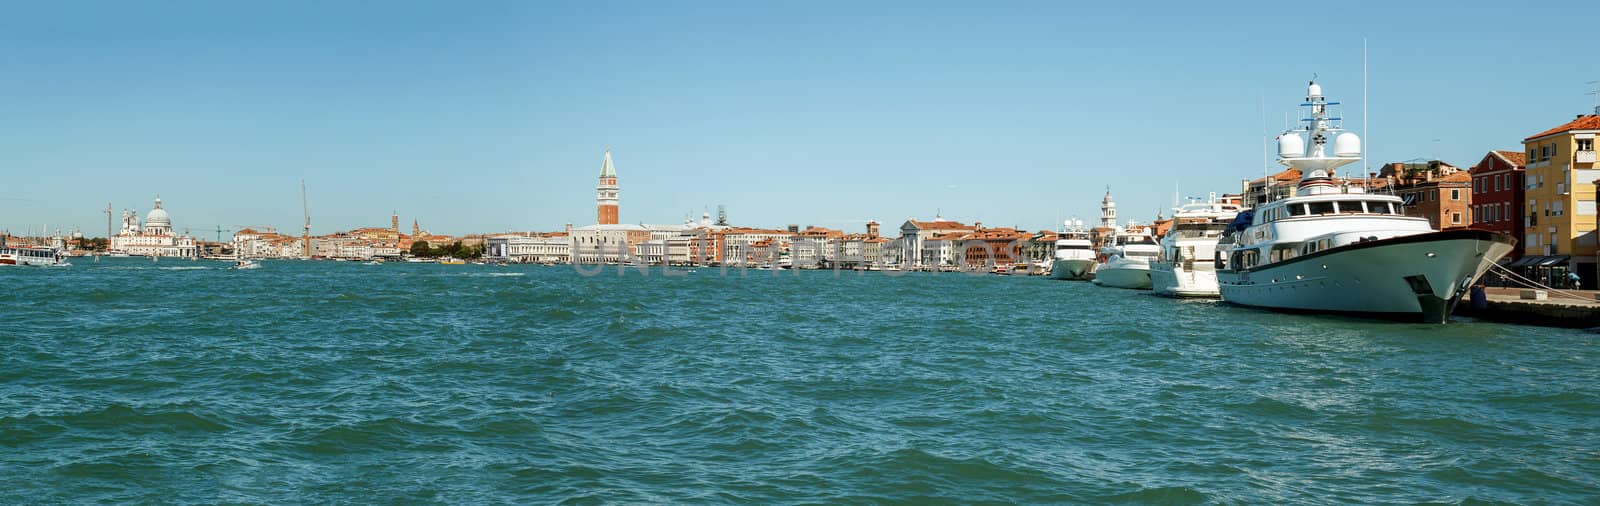 Panorama of Venice  Italy  by artush
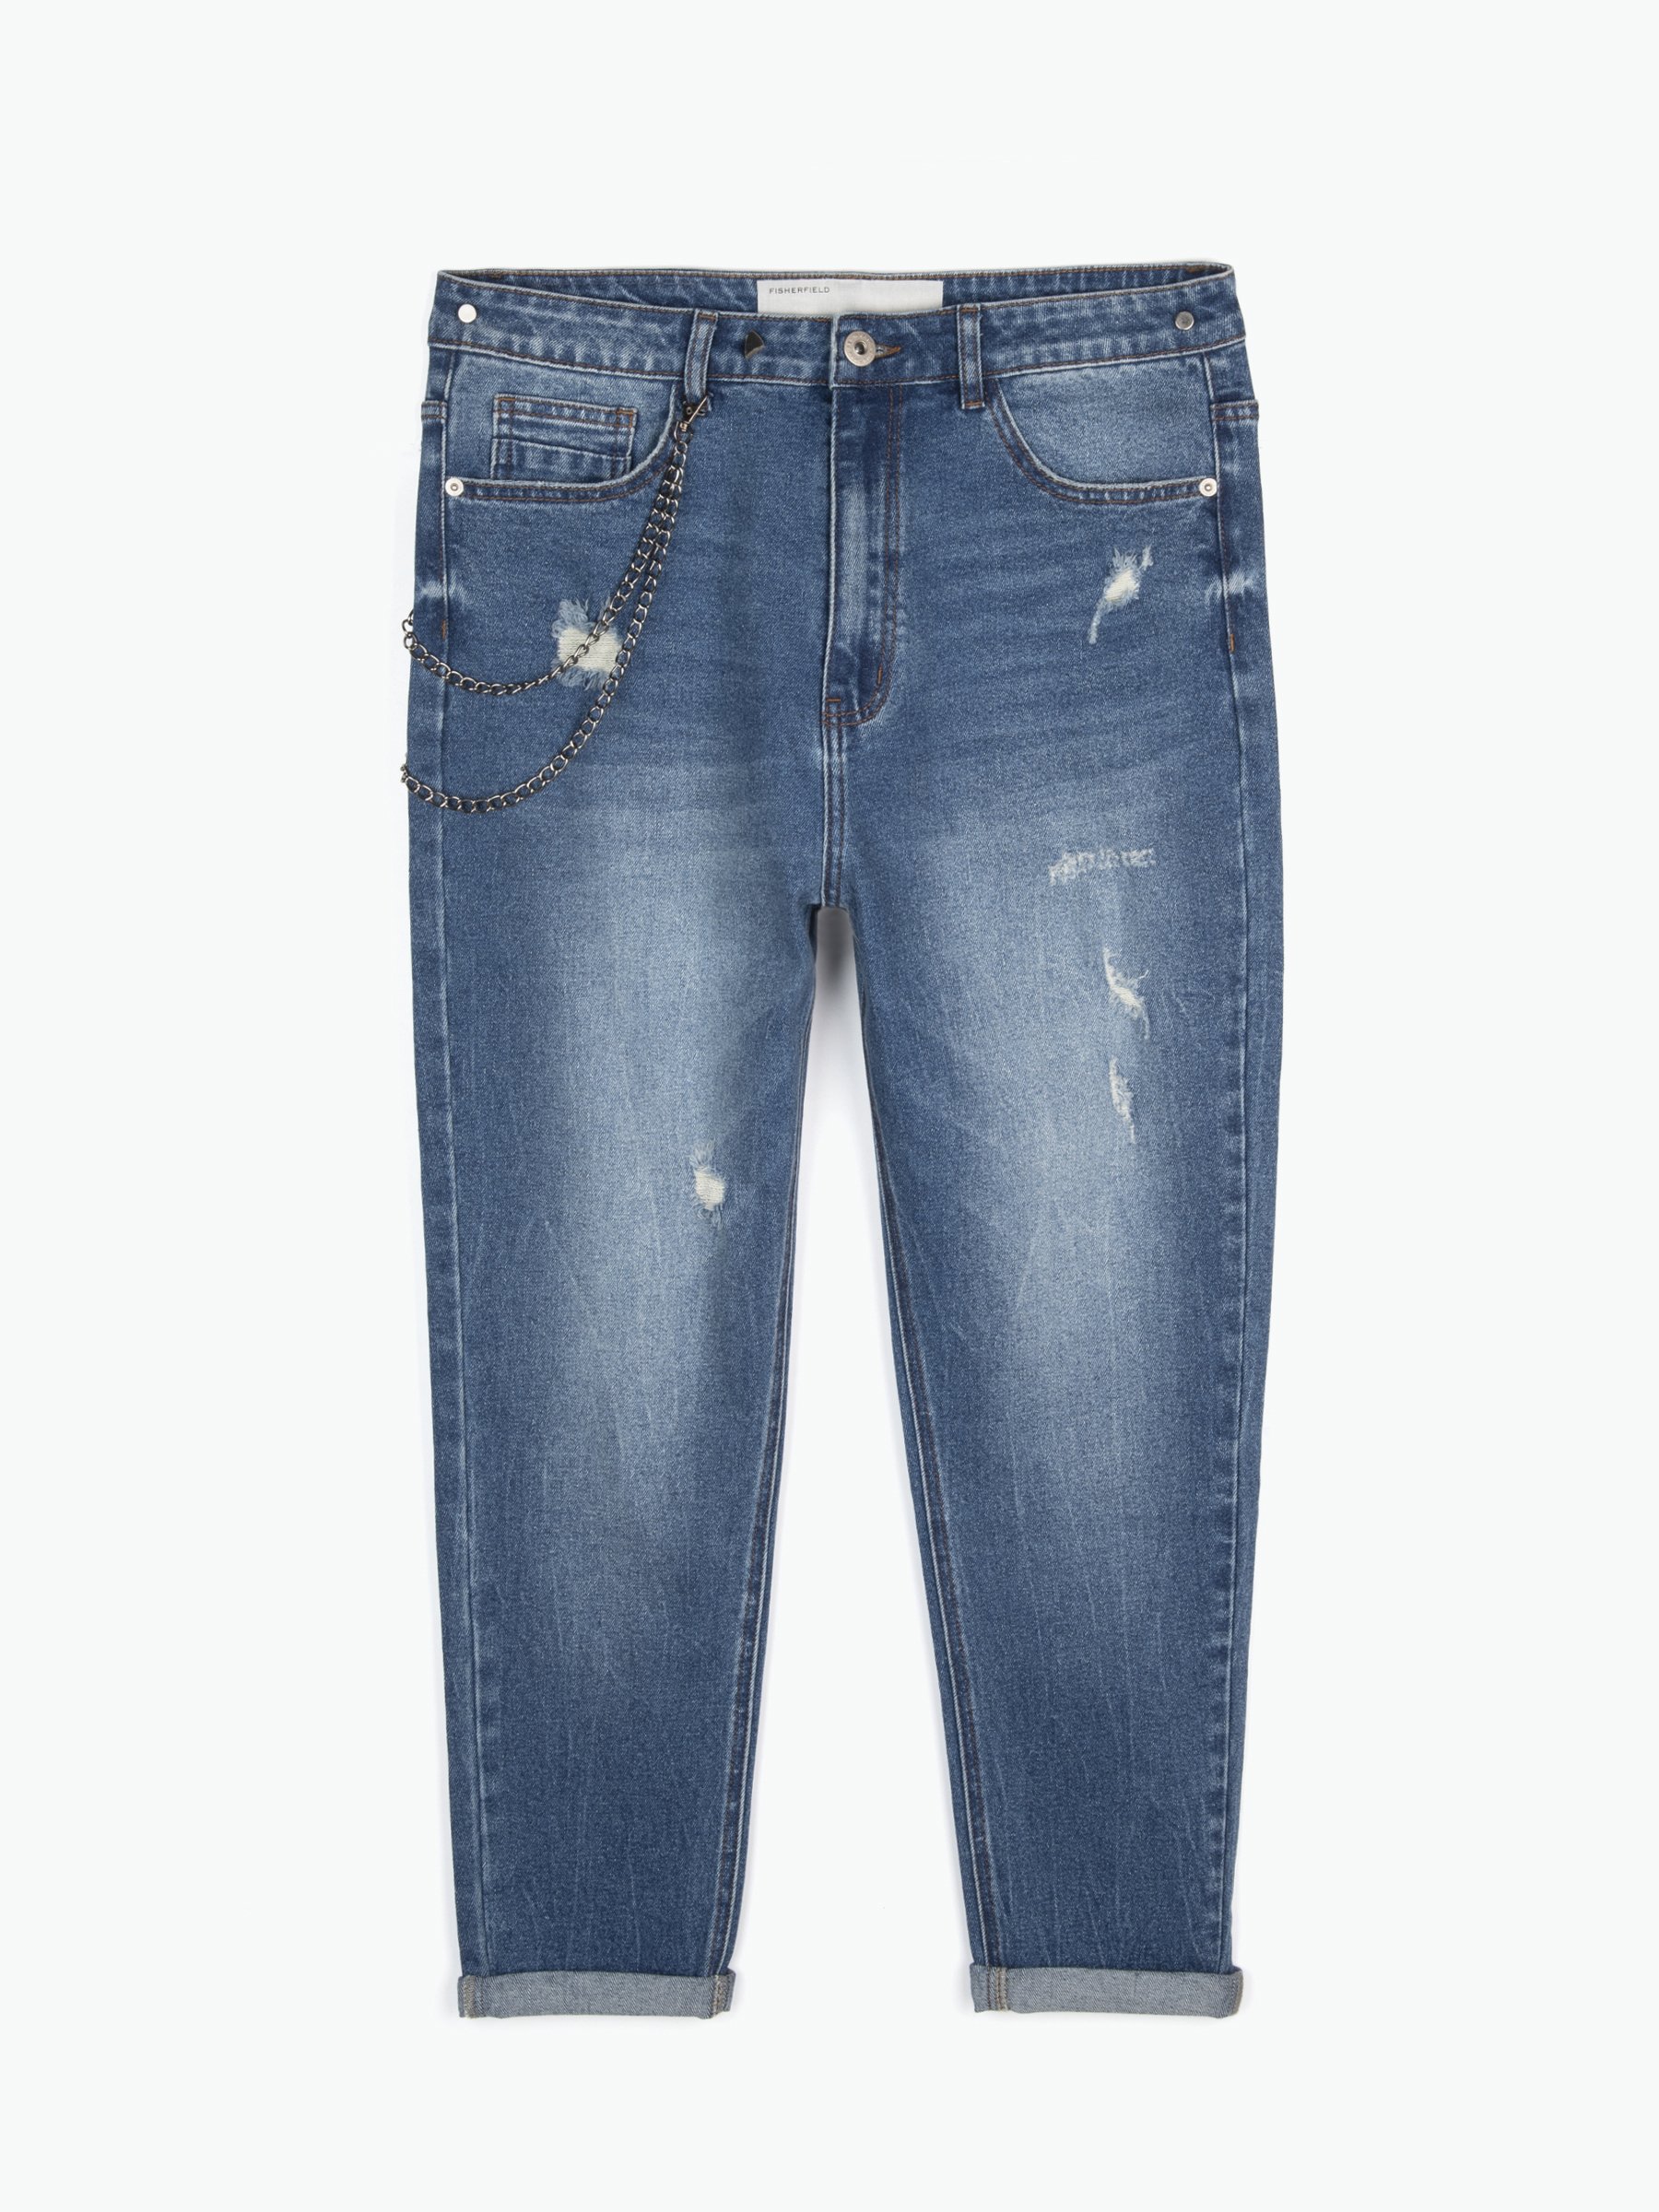 fcity.in - Trendy Style Cotton Denim Damage Jeans / Modern Fancy Jeans
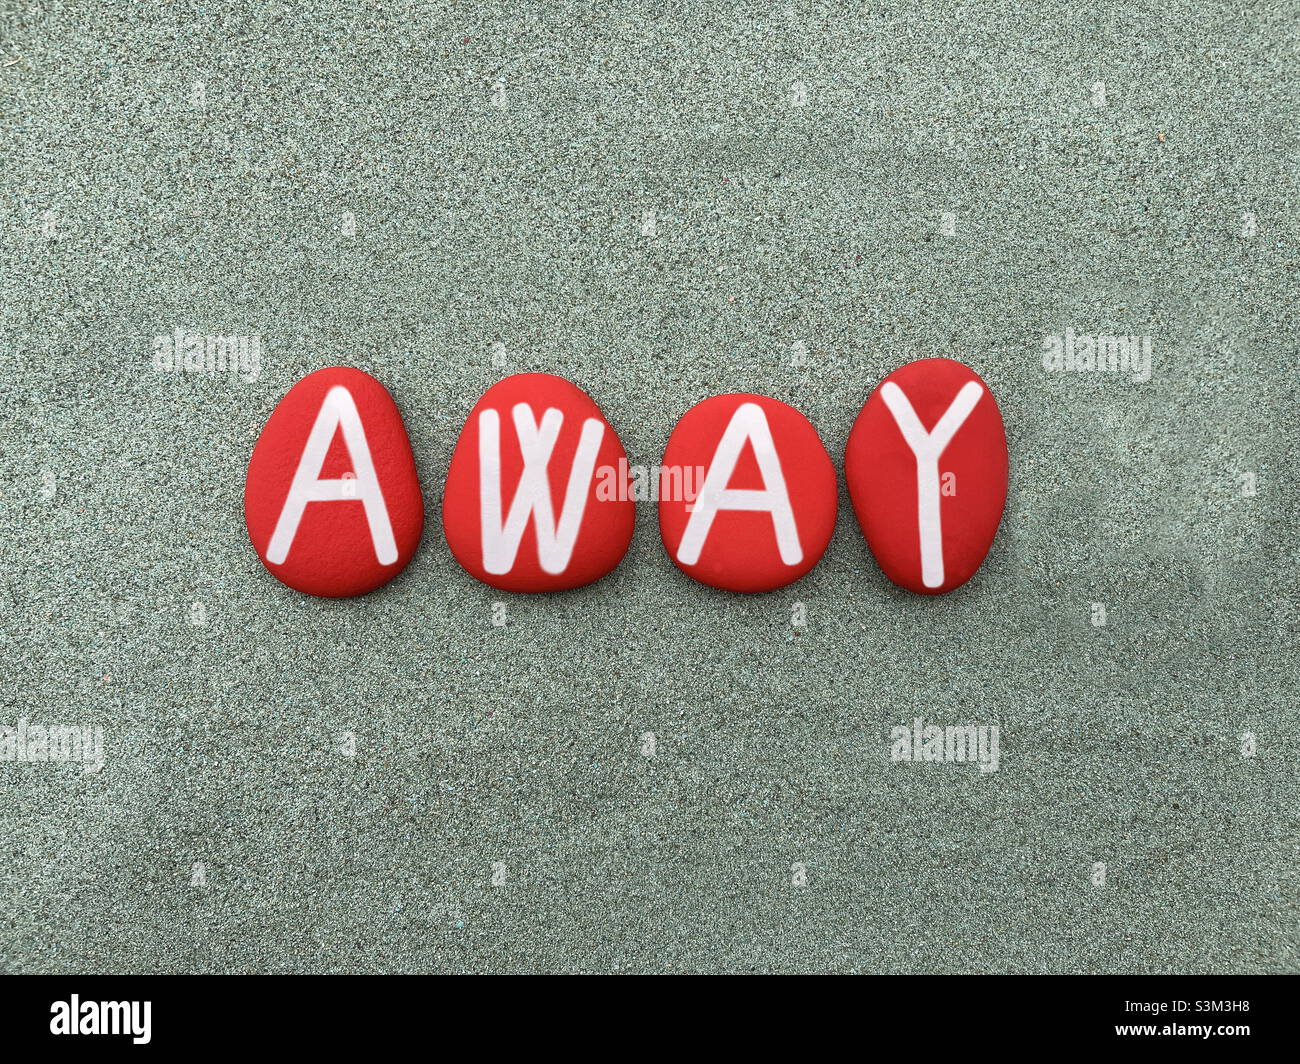 Lejos, mensaje creativo compuesto con letras de piedra roja pintadas a mano sobre arena verde Foto de stock

────────

> Exercise instructions
A faithful copy of the data is required: each word kept, each picture omitted.

> Answer to the exercise
 Panorama of Venice  Italy  by artush
 fcity.in - Trendy Style Cotton Denim Damage Jeans / Modern Fancy Jeans
 Lejos, mensaje creativo compuesto con letras de piedra roja pintadas a mano sobre arena verde Foto de stock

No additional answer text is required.